Energy giant EDF’s new Cannington Court Campus – a former 12th century priory in Bridgewater – has delivered an on-site energy centre and now acts as a demonstration test bed for the retrofitting of low carbon technologies to older buildings. The project provides all heating, cooling and domestic hot water (DHW) for the EDF site and satisfies Grade 1-listed building restrictions, proving that ultra-low-carbon solutions are technically and economically viable for commercial premises.
Engineering consultancy Cundall set out to make its new London office at One Carter Lane a first-class green building fit-out that would showcase the possibilities of cutting edge sustainable design. This fit-out is unique in being the first building in Europe to register for the WELL Building Standard certification – arguably the highest international recognition of buildings that put the health and wellbeing of the occupants at the heart of design.
Nottingham Trent University
Nottingham’s impressive Pavilion building was designed to be as energy efficient as possible, using Passivhaus principles that the University is adopting across all of its projects. This resulted in the building receiving an Energy Performance Certificate (EPC) carbon-negative rating of A+. Built with great insulation properties, the Pavilion retains heat to keep it warm in the winter and stays cool in the summer, also including a huge 96kW array of solar panels on its roof.
Fraser Brown MacKenna Architects
London-based Frazer Brown recently completed a £29m refurbishment of the Cockcroft Building at the University of Brighton – one of the largest academic retrofit projects in the UK. Unlocking the hidden value of the existing 10,500m² building, its environmental potential was significantly enhanced by Frazer Brown with the latest green technology. Stand outs include an aquifer thermal energy store which led to a 57% reduction in energy demand; 59% reduction in C02 emissions; and fuel savings of £82,000 a year.

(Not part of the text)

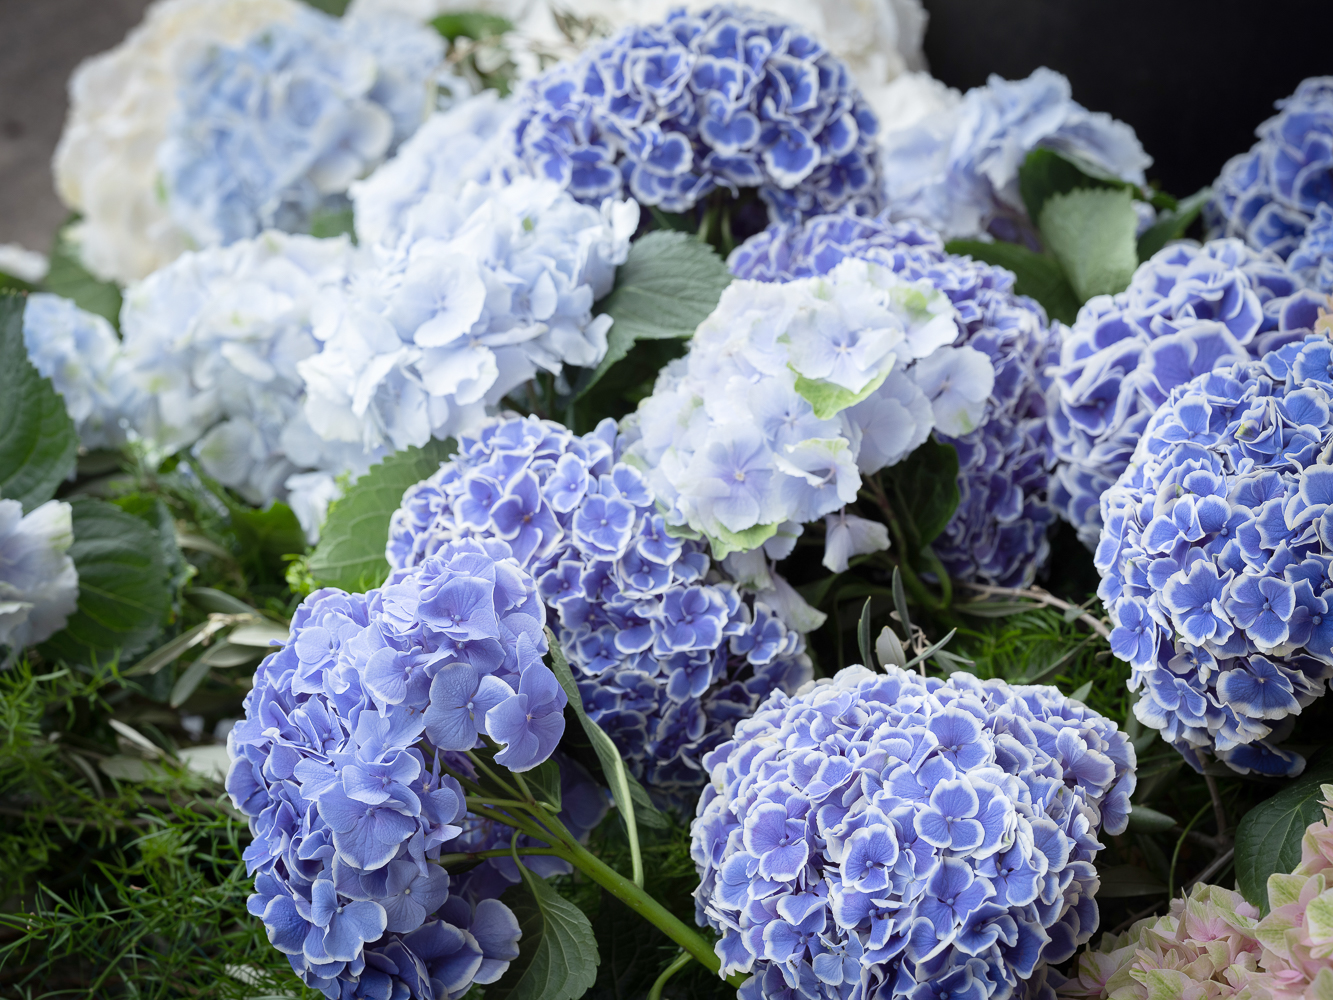 Hydrangea, Your Go-to Flower for a Bold and Striking Design - hydrangeaworld blue and white - sarah richardson - blog on thursd - Photographer Casey Orr

Built for the Saudi Basic Industries Corporation (SABIC), the ‘Home of Innovation’ facility serves as a green beacon for what can be achieved in one of the world’s harshest climates. SABIC’s commitment to sustainable building performance resulted in energy and water savings of at least 40%. The construction diverted more than 90% of construction waste away from landfill and used a significant percentage of recycled sustainable materials in a variety of construction applications.
UK Energy Partners
Chalgrove Primary School in Greater London needed a new Schoolhaus for their ‘bulge’ Reception class. UK Energy Partners dually delivered what has become an exemplar for best practice in sustainability and low-carbon building design within the education sector. The Schoolhaus is the UK’s most energy efficient school building, with an EPC rating of A+ (-83), and zero running costs. Lighting, heating, and cooling systems are all powered by the school’s roof-mounted solar panels.